Damage and Solid-Fluid Interactions during Transient Large Deformation of Rat Brain Tissue in mTBI Study

PI: Dr. Henry Haslach

Since rat models have been routinely used for investigating the initial mechanical causes of mTBI, the characterization of mechanical properties of rat brain tissue must be improved. Brain tissue is composed of water and solid phases so that the mechanical properties of rat brain tissue are strongly influenced by the high water content of the tissue and its flow within the tissue under internal pressure induced by a mechanical load.

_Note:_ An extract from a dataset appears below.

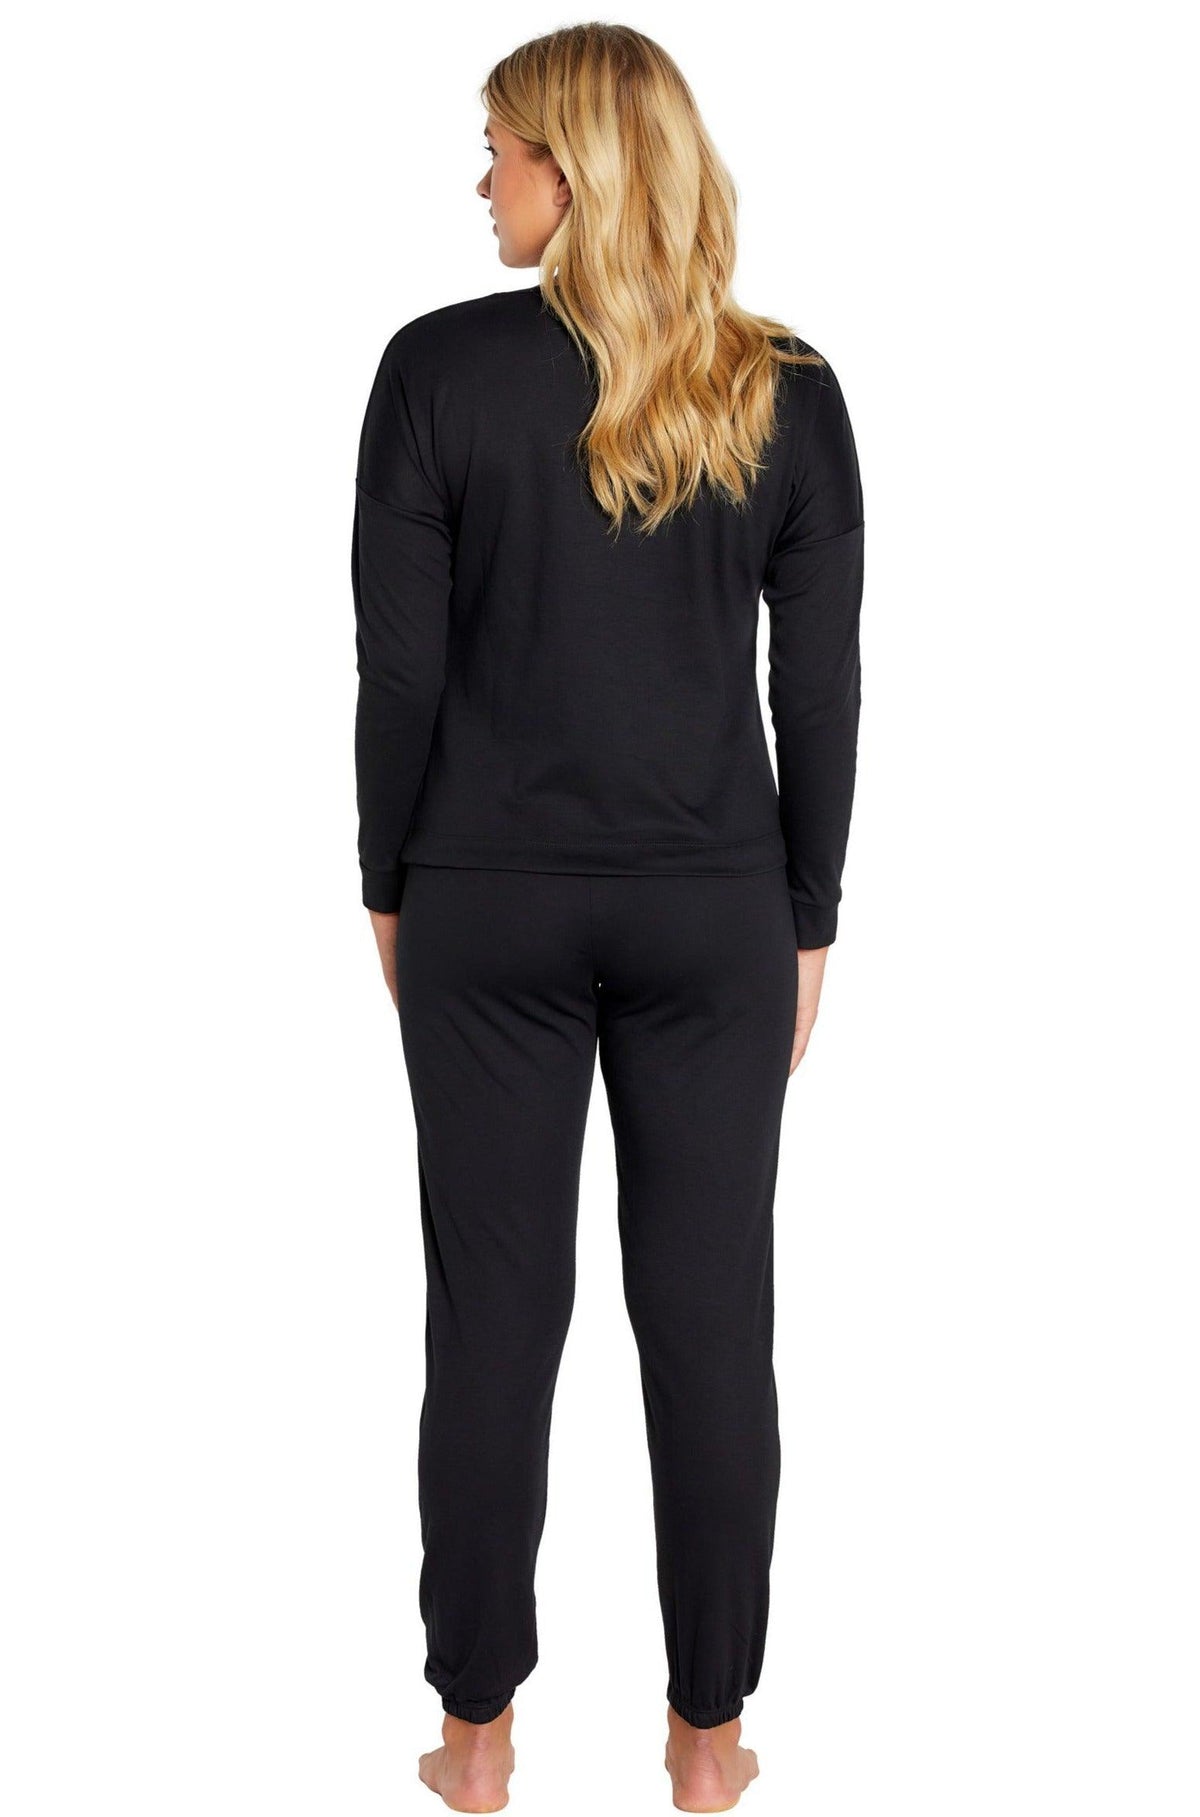 Kathy Long Sleeve PJ Set - Sales Rack - Marelle Sleepwear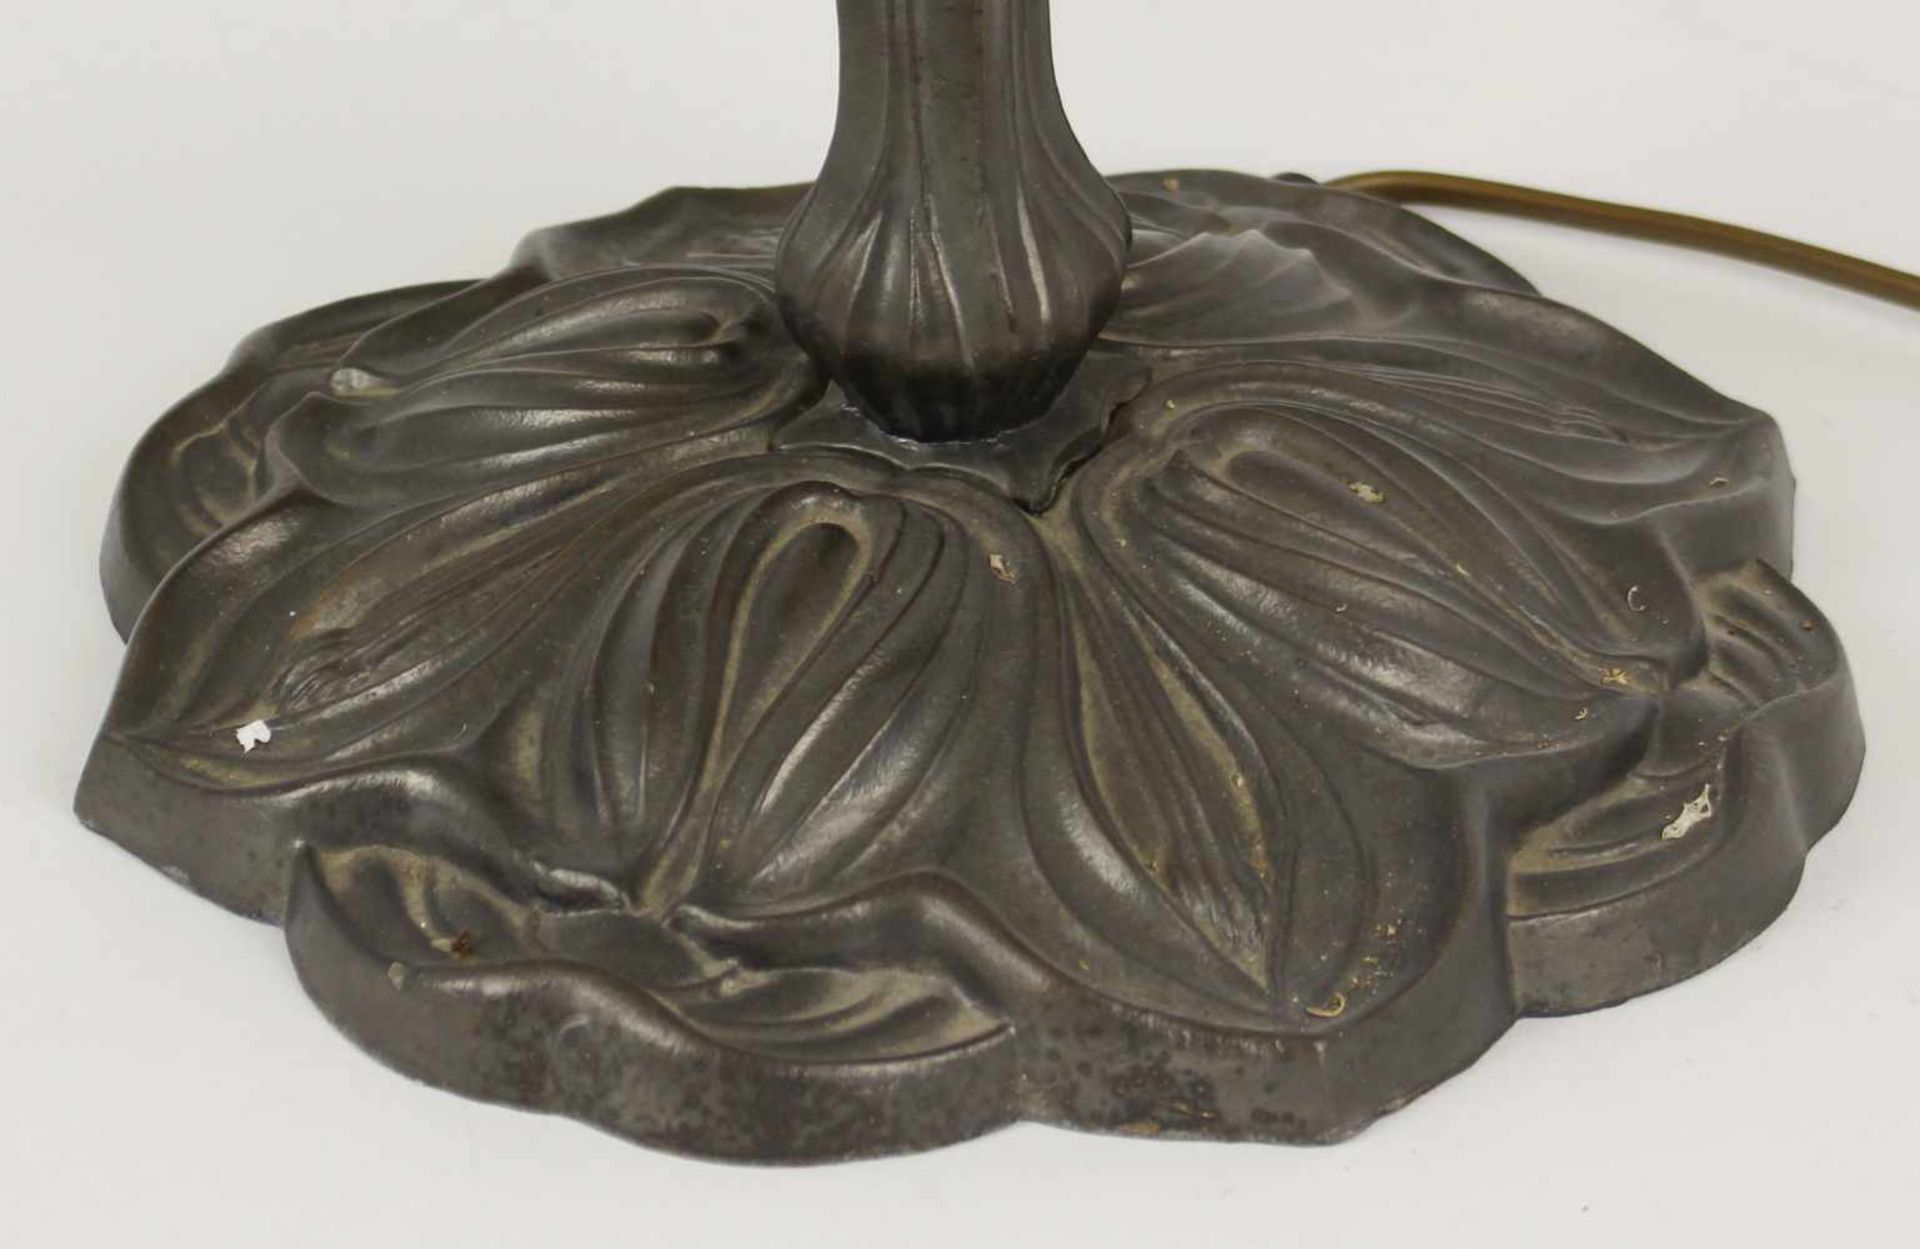 TischlampeTiffany Stil, bronzefarbenes Metall, einflammig, vegetabiler Fuß u. Schaft, weit - Bild 5 aus 5

Confined compression tests, that enforce uniaxial fluid flow, investigate the uniaxial compressive large deformation mechanical response seen in impact injuries and the solid-fluid interaction within the tissue. The experiments aim to elucidate the role of the intercellular fluid between neurons and glia in mTBI. To deal with the small size of a rat brain and to obtain local information, small specimens are excised, especially focusing on tissue surrounding the hippocampus, which other studies have shown to be particularly susceptible to injury. We have shown that compressive loading, such as due to a shock wave, can damage brain tissue at much lower strains than previously reported. At slow and moderate compressive strain rates, the interstitial fluid carries most of the load until the tissue is sufficiently damaged to permit fluid flow. The constant strain rate stress-strain curves at slow and moderate strain rates reach a stress peak at strains lower than 20%, indicating damage, and the peak magnitude shows a statistically significant dependence on strain rate. An increase in permeability corresponds to softening, and an estimate of permeability suggests it depends on strain rate and as well as on strain. In particular, we hypothesize that intercellular fluid flow in the tissue is the immediate cause of tissue damage by rearranging substructures such as axonal tracts as the applied load opens passageways for fluid transport.

Tests that combine compression and translational shear investigate the tissue large deformation response to the longitudinal and shear components of a pressure wave seen in blast injuries. Translational shear is employed because it is a more likely loading of the brain than rotational shear. The interaction of compression and translational shear involves the intercellular fluid carrying load and therefore applying a local force to the solid component of the tissue that can result in damage.

In constant deformation rate tests up to a 40% translational strain with a normal compressive deformation of 20% of the thickness, no damage from the shear deformation is visible externally, but the translational strain versus stress curves indicate internal damage. The tests at constant strain rates of 0.001, 1, and 100/s show a peak similar to that observed in confined compression. Translational strain at the peak is a statistically significant function of rate but the peak stress magnitude is not. The rate-dependence of the strain at which the peak occurs is more likely a response to the shear and may indicate the strain at which shear damage occurs. Again, the shear damage to the solid component allows the internal fluid to redistribute so that it carries lower load at deformations after the peak is reached.

Translational Shear Fixture for 6x6x3 mm Specimens

The Haslach nonlinear viscoelastic (HNV) mathematical model predicts the observed peaks and the coefficients identify appropriate measures of damage. A newly developed unsteady biphasic model, which must also have a damage parameter, is employed to represent the solid-fluid interaction.